We  write the equations  as below:

d1 : 14x - 9y = 24

d2 : 7x- 2y = 17.

Since  det |[(14  -9), (7 -2)]| = 14 *-2 - 7*(-9) = -28 +63 = 35 is not equal to zero, the  lines d1 and d2 must intersect at a point.

That proves that the lines are intercepting.

d1 - 2*d2  gives -9y-2(-2y) = 24- 2*17 = -10.

(-9 +4)y = -10.

-5y = -10.

y = -10/-5 = 2.

Put y = 2 in d2: 7x-2y =17 .

7x = 17+2y = 17 + 2*2 = 21.

 7x = 21

x = 21/7 = 3.

The intercepting point has the coordinates: (3 , 2).

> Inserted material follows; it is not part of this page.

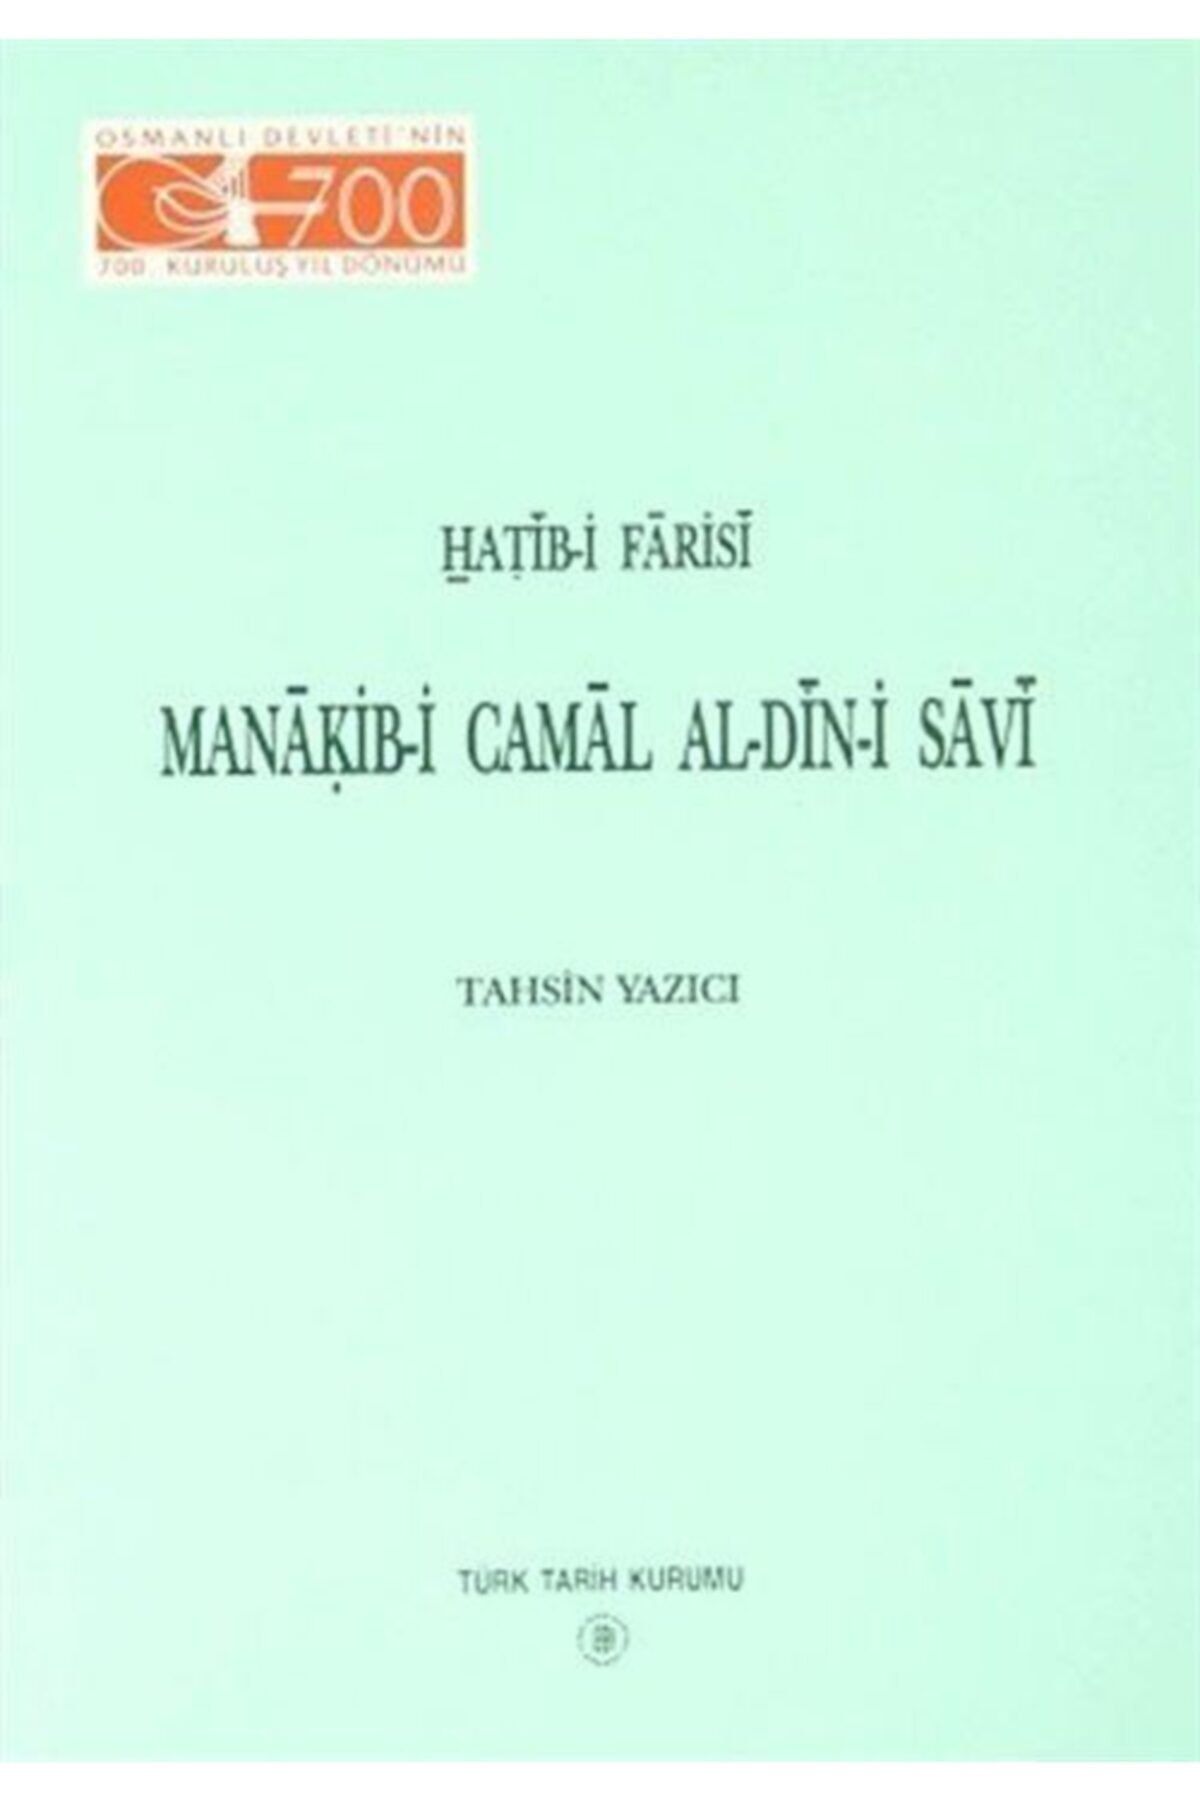 Türk Tarih Kurumu Yayınları Manakib-i Camal Al-din-i Savi

giorgiana1976's profile pic

giorgiana1976 | College Teacher | (Level 3) Valedictorian

Posted on

To prove that the lines d1 and d2 are intercepting we'll have to verify if the system formed from the equations of d1 and d2 has a solution.

We'll form the system:

14x-9y-24=0

We'll add 24 both sides:

14x - 9y = 24 (1)

7x-2y-17=0

We'll add 17 both sides:

7x - 2y = 17 (2)

We'll solve the system using elimination method. For this reason, we'll multiply (2) by -2 and we'll add the resulting equation to (1):

-14x + 4y = -34 (3)

(1) + (3): 14x - 9y - 14x + 4y = 24 - 34

We'll eliminate and combine like terms:

-5y = -10

We'll divide by -5:

y = 2

We'll substitute y in (1):

14x - 9y = 24

14x - 18 = 24

14x = 24 + 18

14x = 42

7x = 21

x = 3

The solution of the system represents the intercepting point of the lines. The intercepting point has the coordinates: (3,2).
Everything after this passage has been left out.